**Data block:**
··········
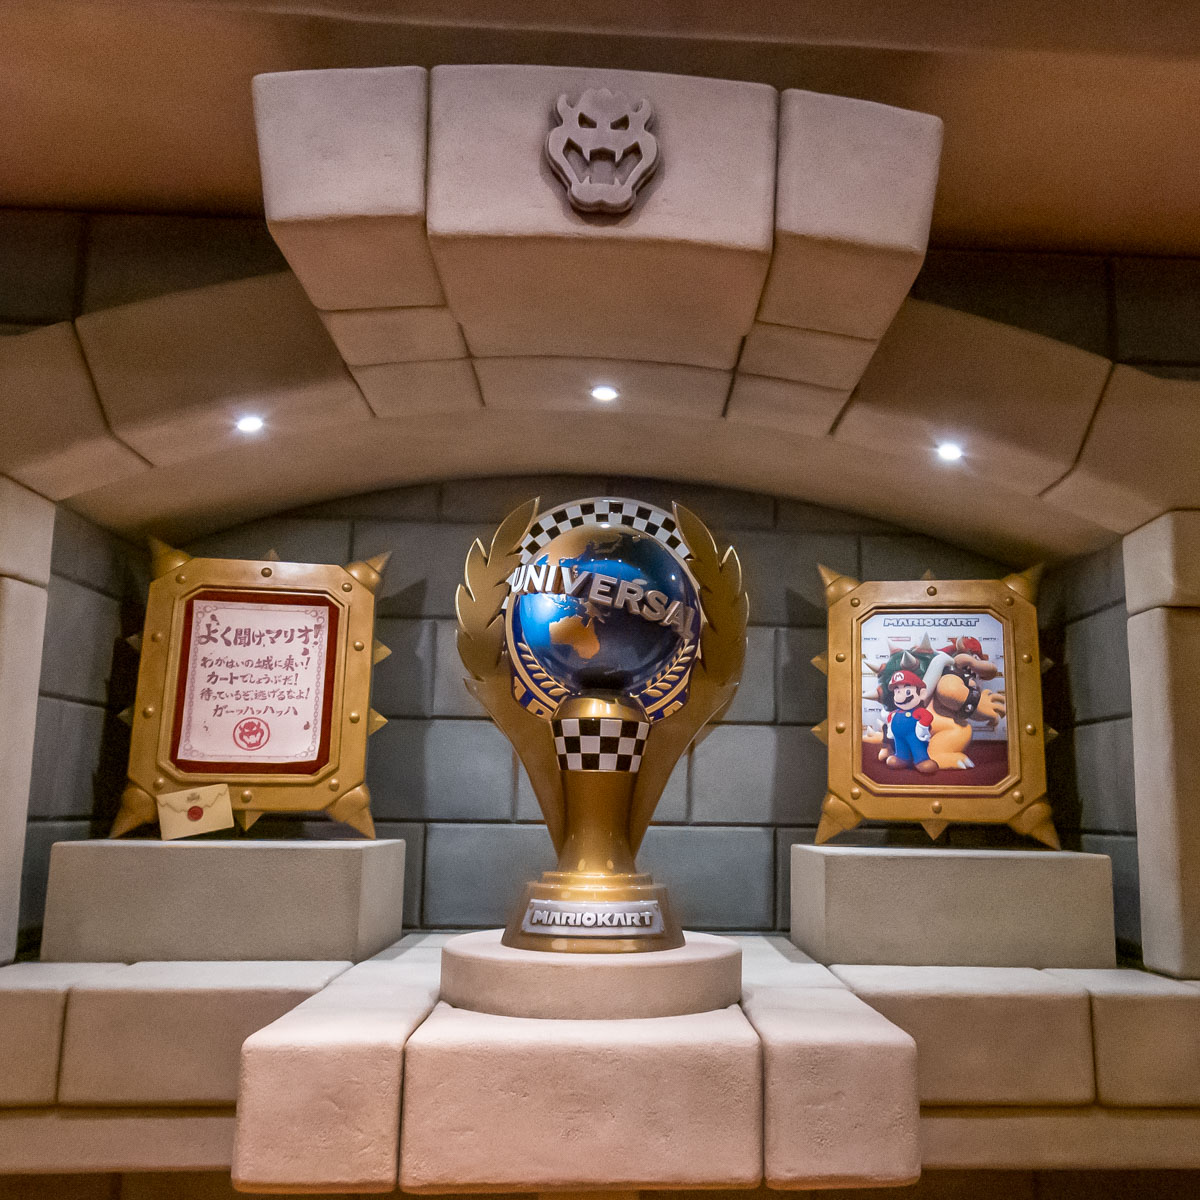 ユニバーサル・スタジオ・ジャパン『SUPER NINTENDO WORLD(スーパー・ニンテンドー・ワールド)』アトラクション『マリオカート 〜クッパの挑戦状〜』トロフィールーム3
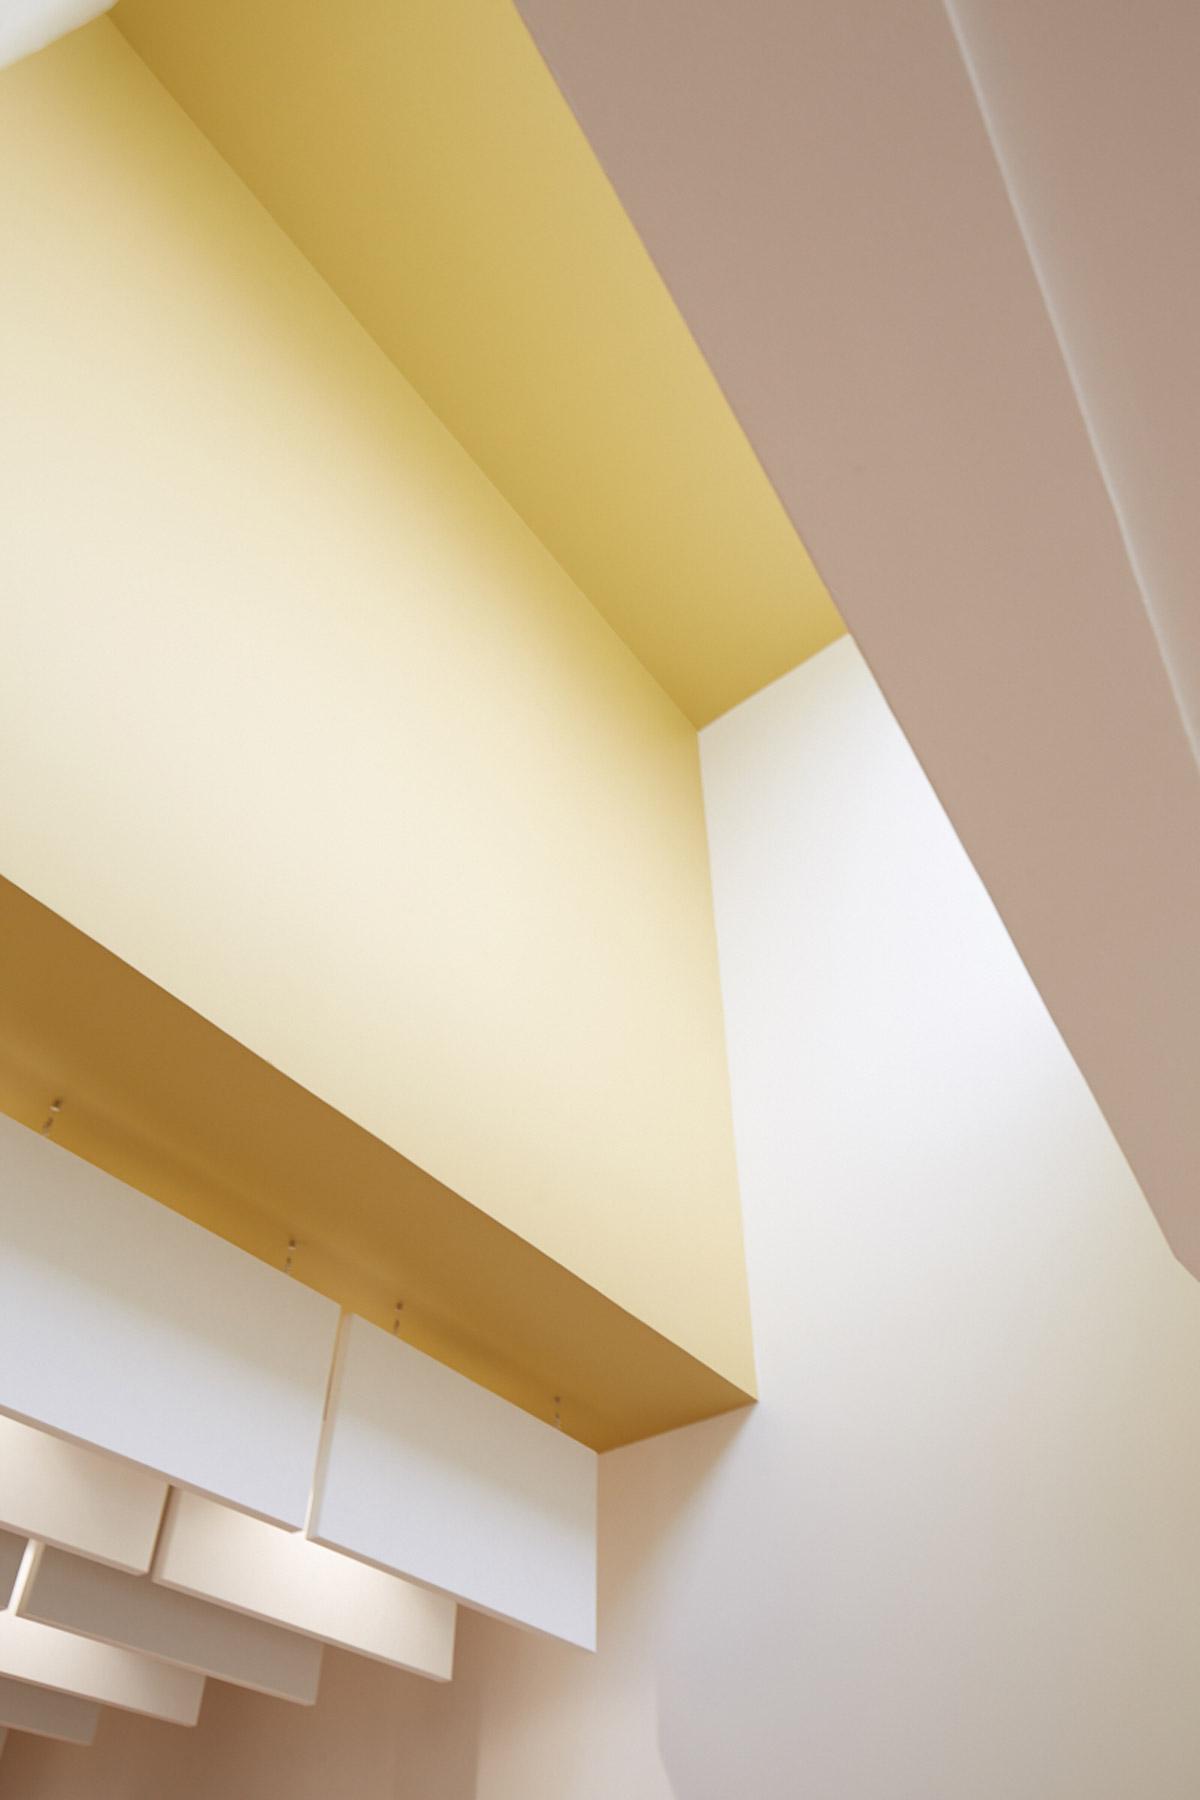 dojo caudebec les elbeuf -detail plafond
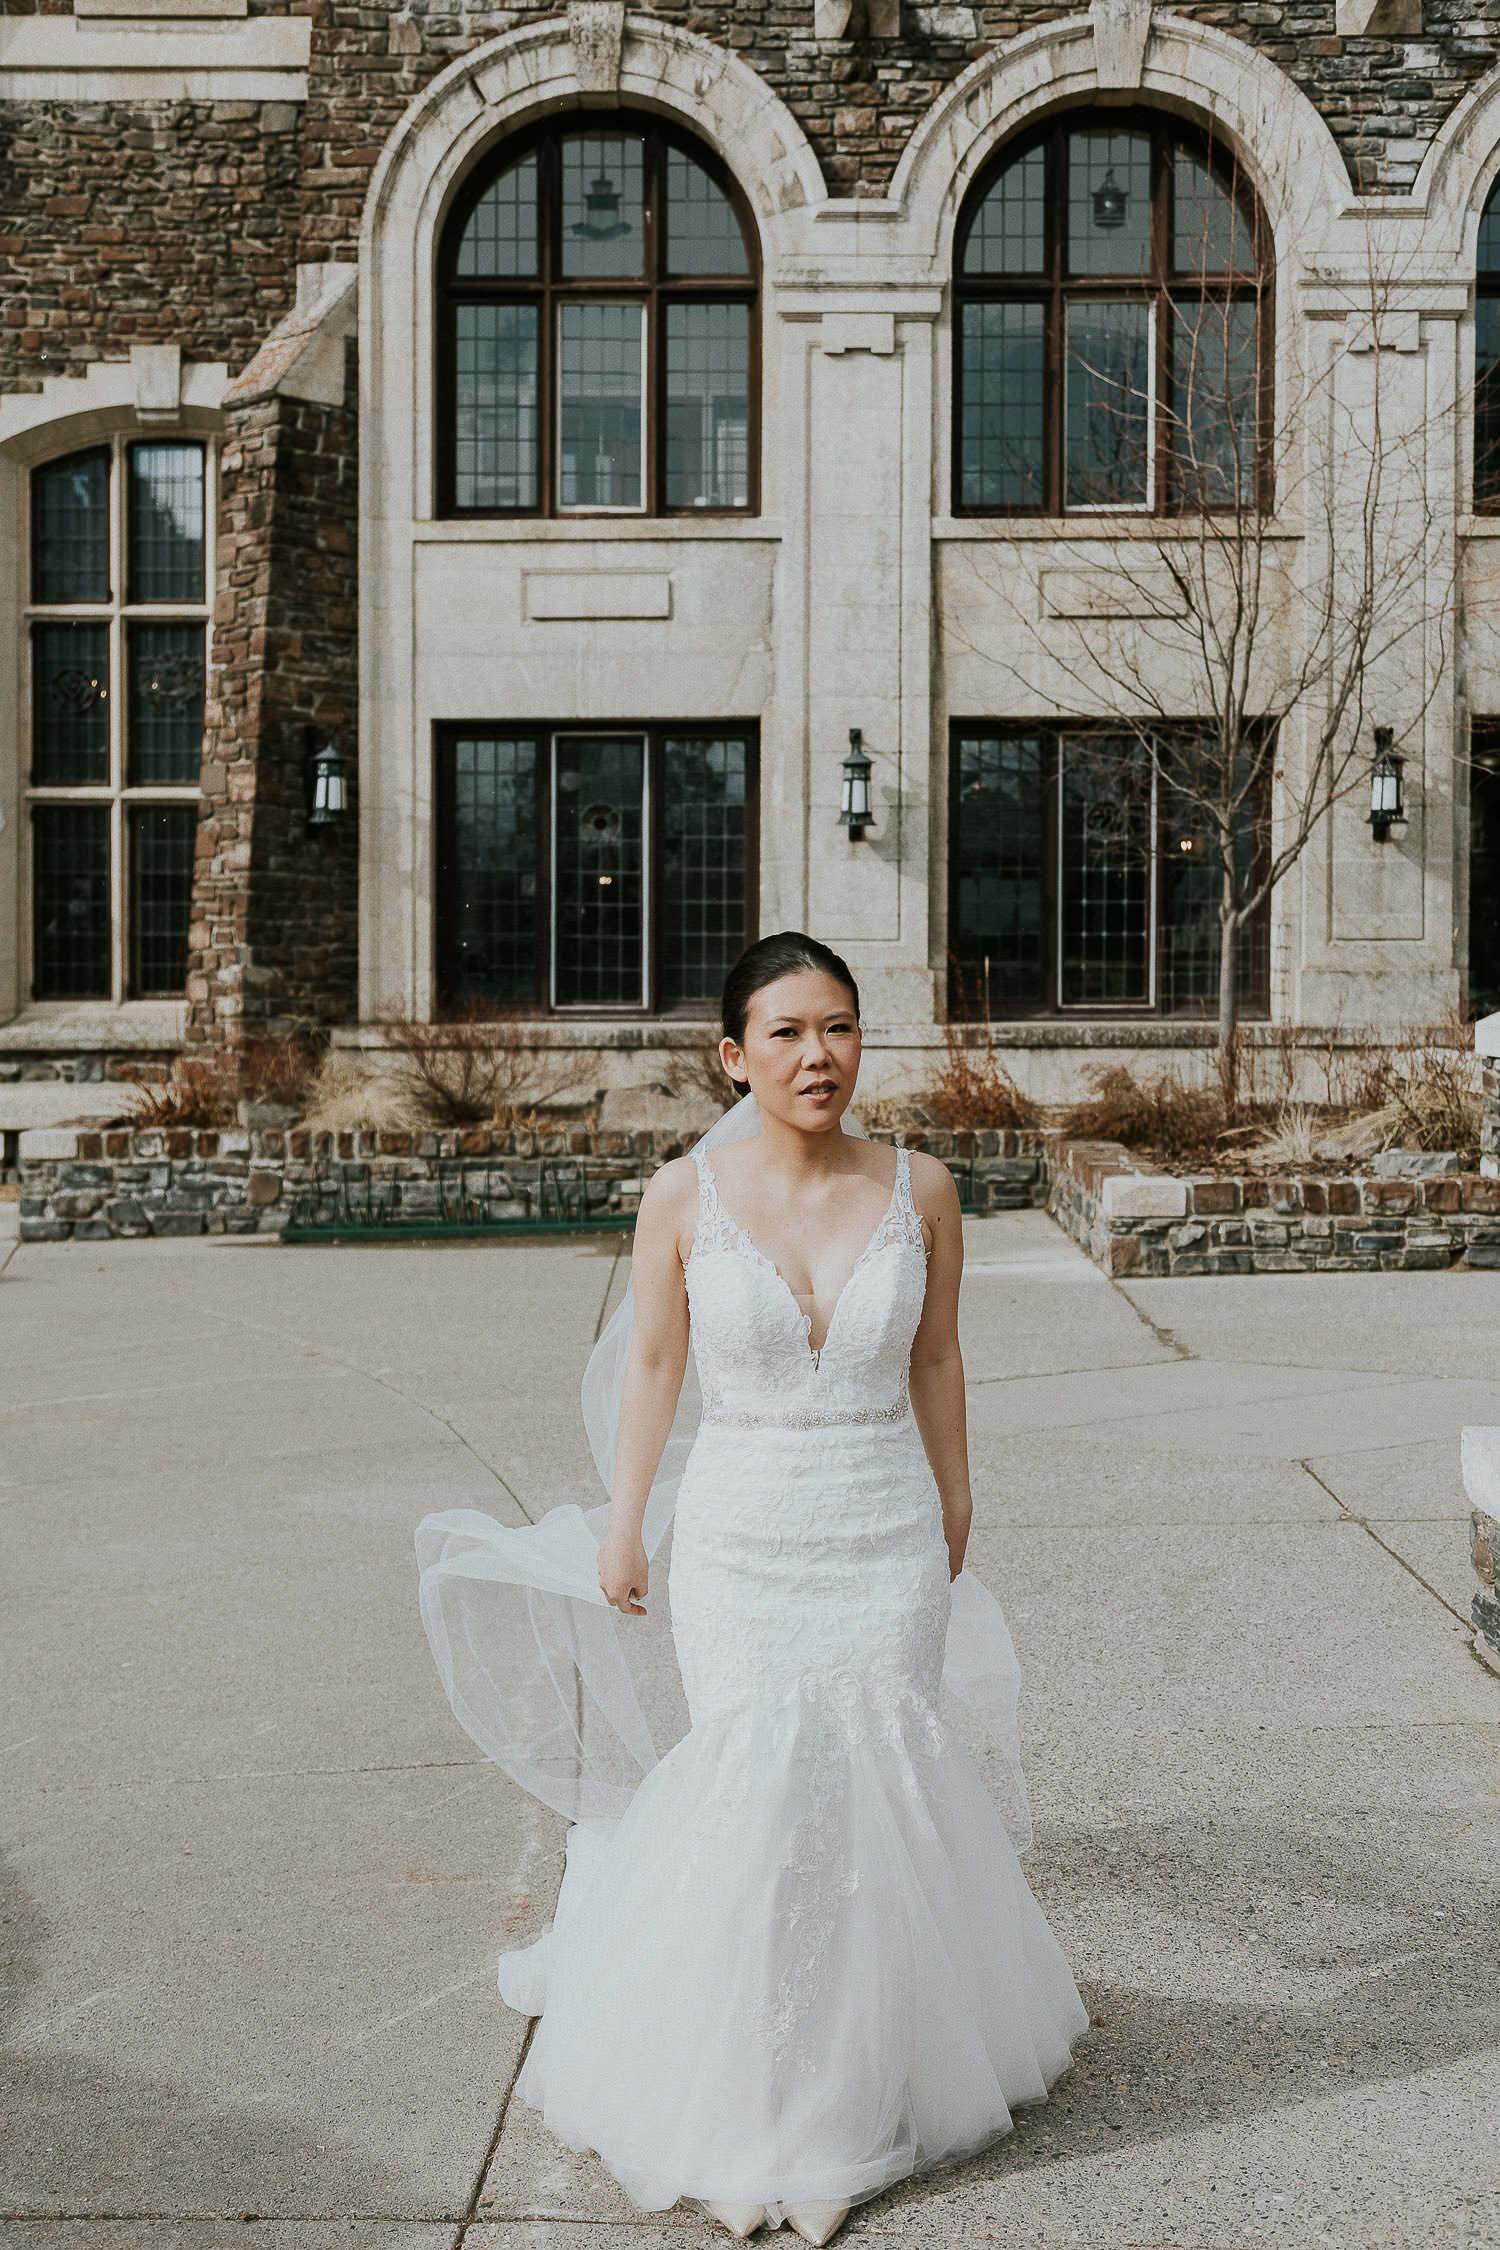 intimate-wedding-at-banff-springs-hotel-sarah-pukin-0057
··········
**Work request:** Each line above should be written out again exactly, without any image.

**Response box:**
 ユニバーサル・スタジオ・ジャパン『SUPER NINTENDO WORLD(スーパー・ニンテンドー・ワールド)』アトラクション『マリオカート 〜クッパの挑戦状〜』トロフィールーム3
 dojo caudebec les elbeuf -detail plafond
 intimate-wedding-at-banff-springs-hotel-sarah-pukin-0057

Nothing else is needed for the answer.